2.7 Genotype-environment associations: Seascape Genomics
To assess how environmental variables shaped the genetic structure of North Atlantic harbour porpoises, we developed a seascape genomics approach. Specifically, we studied genotype-environment associations (GEA) to identify putative SNPs underlying local adaptation by carrying out a redundancy analysis (RDA) with the R package vegan(Oksanen, 2011). RDA is a multivariate method that finds linear dependencies between response (genotypes) and explanatory variables (environmental predictors). Previous authors (Forester et al., 2018, Capblancq et al., 2018) have found that multivariate GEA analyses, especially constrained ordination approaches such as RDA, detect more effectively multilocus selection than univariate methods and have a superior combination of low false-positive and high true-positive rates (Grummer et al., 2019; Capblancq & Forester 2021).
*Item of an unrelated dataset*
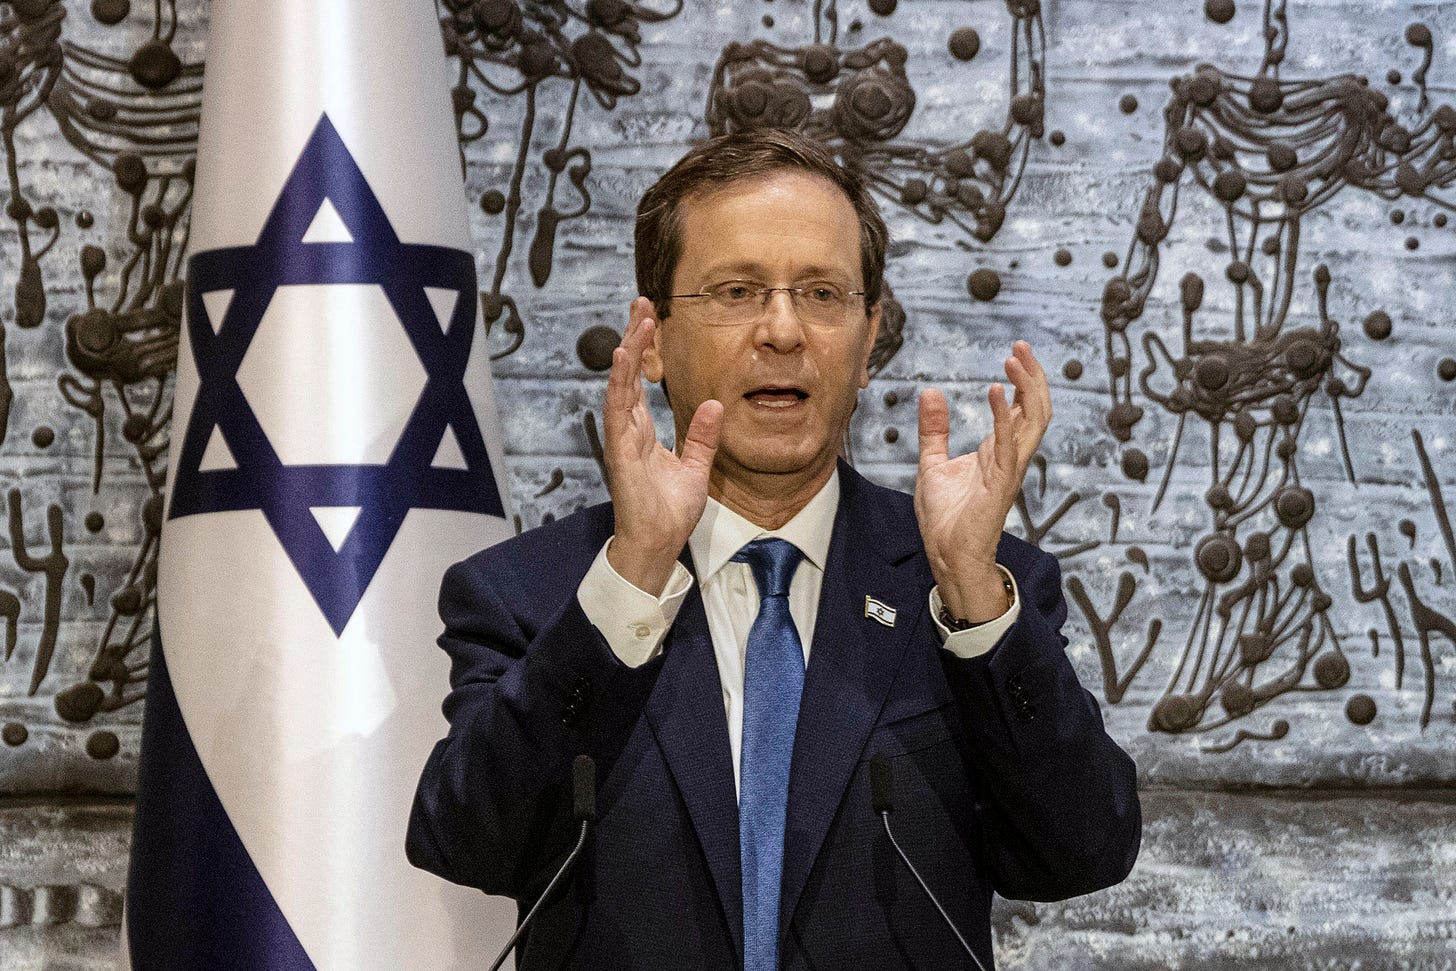 Isaac Herzog vows to 'calm things down' as he is sworn in as new president  of Israel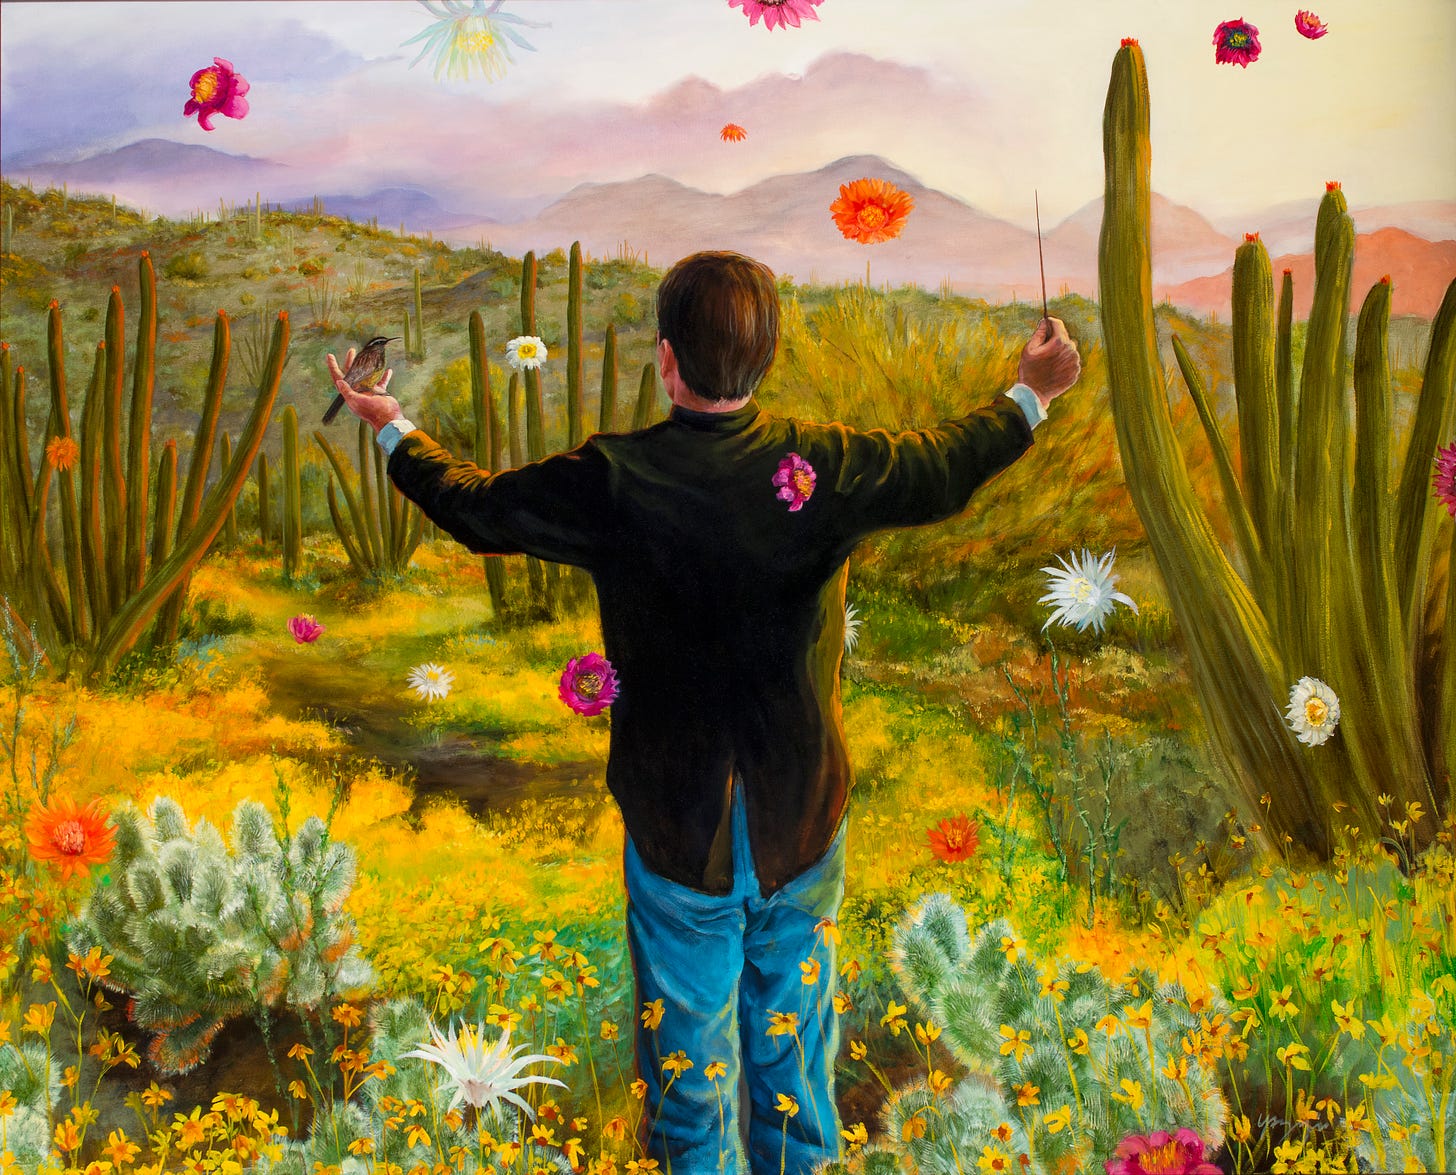 Steven Yazzie (Diné/Pueblo of Laguna, New Mexico/European descent), "Orchestrating a Blooming Desert," 2003, Oil on canvas, Collection of Christy Vezolles. © 2003 Steven J. Yazzie. All rights reserved. Courtesy of the Heard Museum, photo by Craig Smith

RDA was carried out at the individual level using two datasets, with and without BLS. To control for spatial autocorrelation and other demographic processes, pairwise oceanic distances were calculated from the coordinates of the samples with the R packagemarmap (Pante & Simon-Bouhet, 2013). Subsequently, pairwise oceanic distances were transformed to distance-based Moran’s eigenvector maps (dbMEMs ) with the R package adespatial (Dray et al., 2012) and used as the space variable in the RDA.
Five environmental variables previously identified as significantly associated with genomic variation of Common (Delphinus delphis ) (Barceló et al., 2022) and Bottlenose dolphins (Tursiops truncatus ) (Pratt et al., 2022) were selected as potential predictors of harbour porpoise genomic variation: sea surface temperature (SST), sea surface salinity (SSS), sea current velocity (SCV), sea chlorophyll-A concentration (SCA), and sea primary productivity (SPP). For each of the variables, the annual maximum, mean, minimum and range values were downloaded from the database BioOracle (v2.2)(Tyberghein et al., 2012, Assis et al., 2018). SCVmax and SPPmax were not available in this database, yielding altogether 18 variables. As genomic input we used a set of unlinked called genotypes, identified byPlink (v1.9) (Purcell et al., 2007) with a window size of 20kb, a step size of 10kb and a r2 threshold of 0.1.
To maximize the genetic variance explained by our set of environmental predictors we performed a forward selection with the functionforward.sel of the R package adespatial . The forward selection was carried out for the environmental variables anddbMEMs separately, and only variables explaining a significant proportion (p<0.05) of the genomic variation were retained. To control for multicollinearity, only predictors with a highly conservative variance inflation factor (VIF)<3 were retained. An RDA-based variance partitioning (Capblancq & Forester, 2021) was performed to estimate the independent contribution of the environmental and spatial variables. First, we ran an unconstrained RDA with the retained environmental and spatial variables as predictors to find the variance explained by the full model. Then, we calculated the variance explained by the environmental variables once the influence of spatial variables had been removed by applying a constrained pRDA. Finally, we checked the significance of the RDAs and pRDAs as well as the significance of the environmental variables by an analysis of variance (ANOVA) with 1,000 permutations.
Candidate loci under selection were identified by applying a 3 standard deviation cut-off (p=0.0027) on the SNPs loading scores (Forester et al., 2018) from the two first redundancy axis and we determined to which environmental variable each candidate SNPs is most associated. To further control for false positives, we carried out an additional selection genome scan based on individual genotypes with the R packagePcadapt (Privé et al., 2020). We used four principal components (K), identified by computing a scree plot and choosing the K that minimized the genomic inflation factor (GIF). Then we transformed the p-values in q-values with the R package qvalue and applied a false discovery rate of 0.1 to control for false positives.
To identify candidate genes under local adaptation, we used only the candidate SNPs detected by all three methods RDA-pRDA-Pcadapt on the dataset without BLS and that were associated to salinity (271). We extracted 300 bp of flanking sequences for each candidate SNP resulting in 601 bp long sequences, each containing a single SNP. We then performed a basic local alignment with BLASTN using the nucleotide database of NCBI with an e-value of 1x10-3. After extracting hits per query, we identified gene function and associated biological function with the PubMed and GeneCards (Stelzer et al., 2016) databases.